We Only Want Change From Bus Conductors

When a man changes, it happens gradually then suddenly. The long nights drafting proposals, months in the gym, years in lecture rooms, money quietly saved, a house painstakingly built. And then everyone comes along to tell anyone who will listen that he’s changed. Bana Chinja.

That’s why as long as you’re not doing anything wrong or hurting anyone with your realigned hobbies, career, religion, relationships, or business, take people’s complaints or observations that you’ve changed as nothing more than a glowing compliment. 

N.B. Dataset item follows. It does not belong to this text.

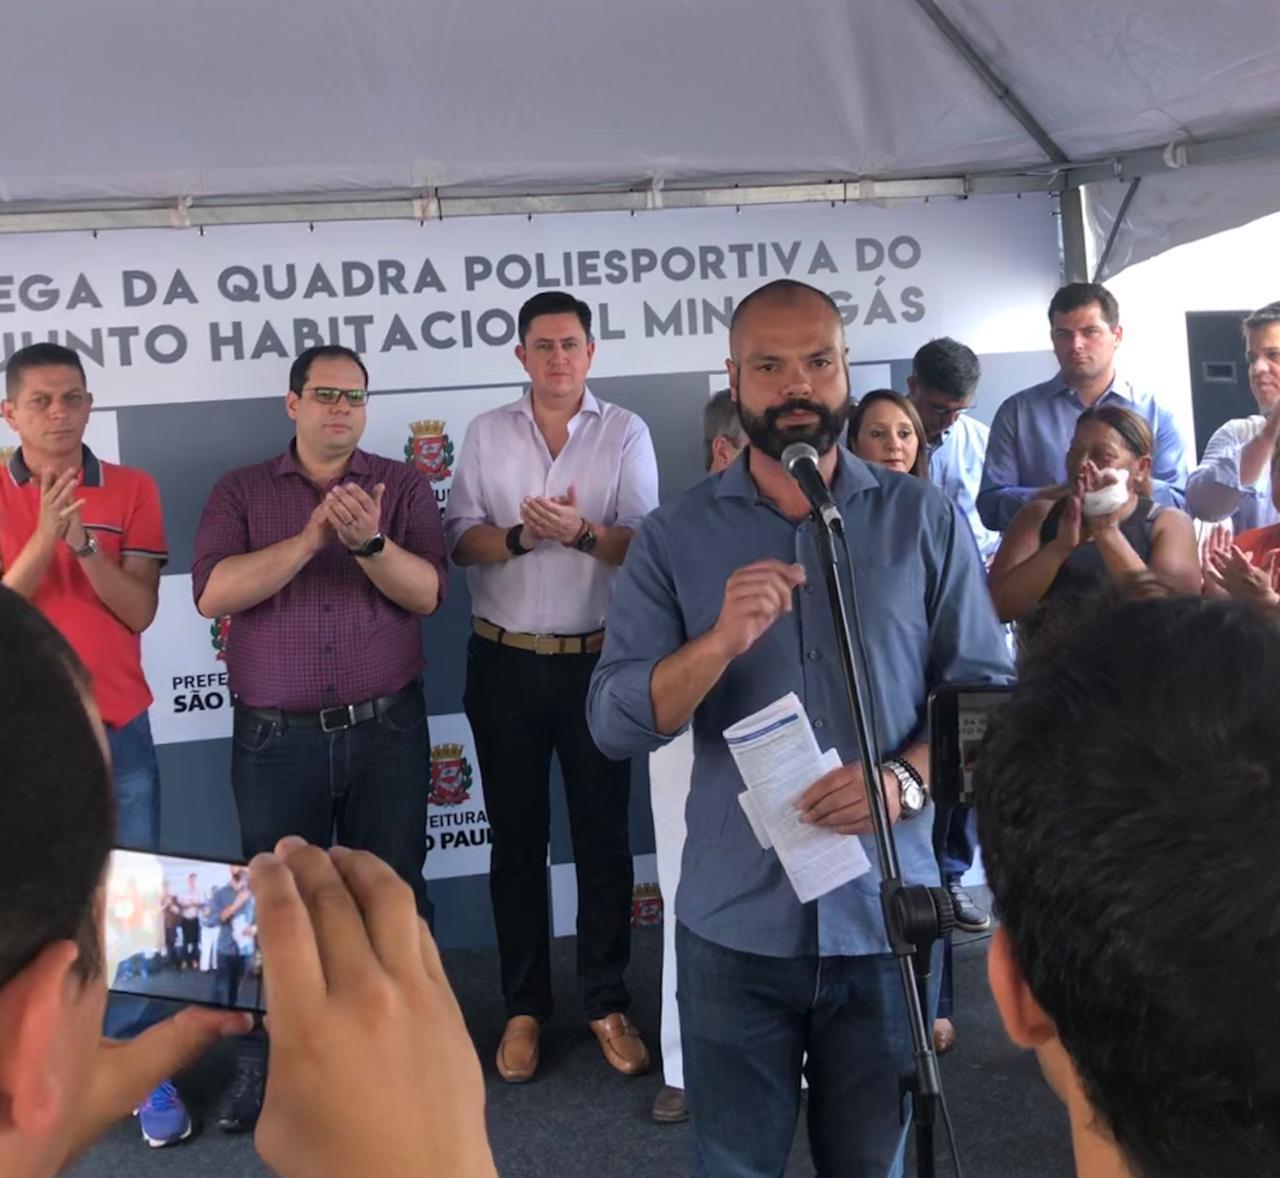 No palco, ao fundo o secretário de Esportes João Farias, o secretário da Habitação Aloísio Barbosa Pinheiro, o presidente da Cohab-SP, Alexsandro Peixe, à frente o prefeito Bruno Covas

You’ve changed because you finally placed true value on what you do naturally. That where you used to do it as a favour, you’re now doing it to take your children to school, find financial stability or put food on the table. 

Because you’ve picked the peace of sitting in your home with your family over waiting for a beer like a junkie and scrambling for a platter of chicken pieces in a packed, rowdy and expensive bar. 

People say you’ve changed as some sort of insult or to derail you but it’s in your interest to take it as a compliment. See it as a glorious exit from your comfort zone.

They grudgingly say you’ve changed when they’re no longer familiar with who you become. Men must not feel ashamed of starting anew with their beliefs, career, relationships or finances if and when they’ve outgrown them.

Maybe you’ve decided to stop spending money on women to validate your self worth. Or quit drinking alcohol to save for an online course. You’ll be accused of changing by those who latched on to you for a soft life. You must embrace this insult wholeheartedly.

You’ll see the barely concealed resentment from people who were perfectly comfortable using your resources, network, talent and time for their own benefit. Cheers, my guy. You’re a lifesaver.

It’s how your workmates will have a problem with your home-cooked lunch and eating at your desk when you have deadlines. To them, you suddenly think you’re better off choosing a routine that works for you and your career prospects. Ana chinja mu guys. 

But you stayed the same. Regurgitating your habit of going off for one hour of lunch and coming back at 2PM with the food you ordered to sit and eat until 3PM, letting the t-bone settle up to 4PM and then sharing memes or scrolling on your phone until its time to head into traffic. 

Again. Take people’s complaints or inferred insults that you’ve changed as a compliment. 

It can’t be easy seeing another man unshackle himself from limiting beliefs, friendships, careers or habits. It’s safer to label him as ‘ana chinja.’ 

It shouldn’t surprise you when other men are not on board with your progress. They never were.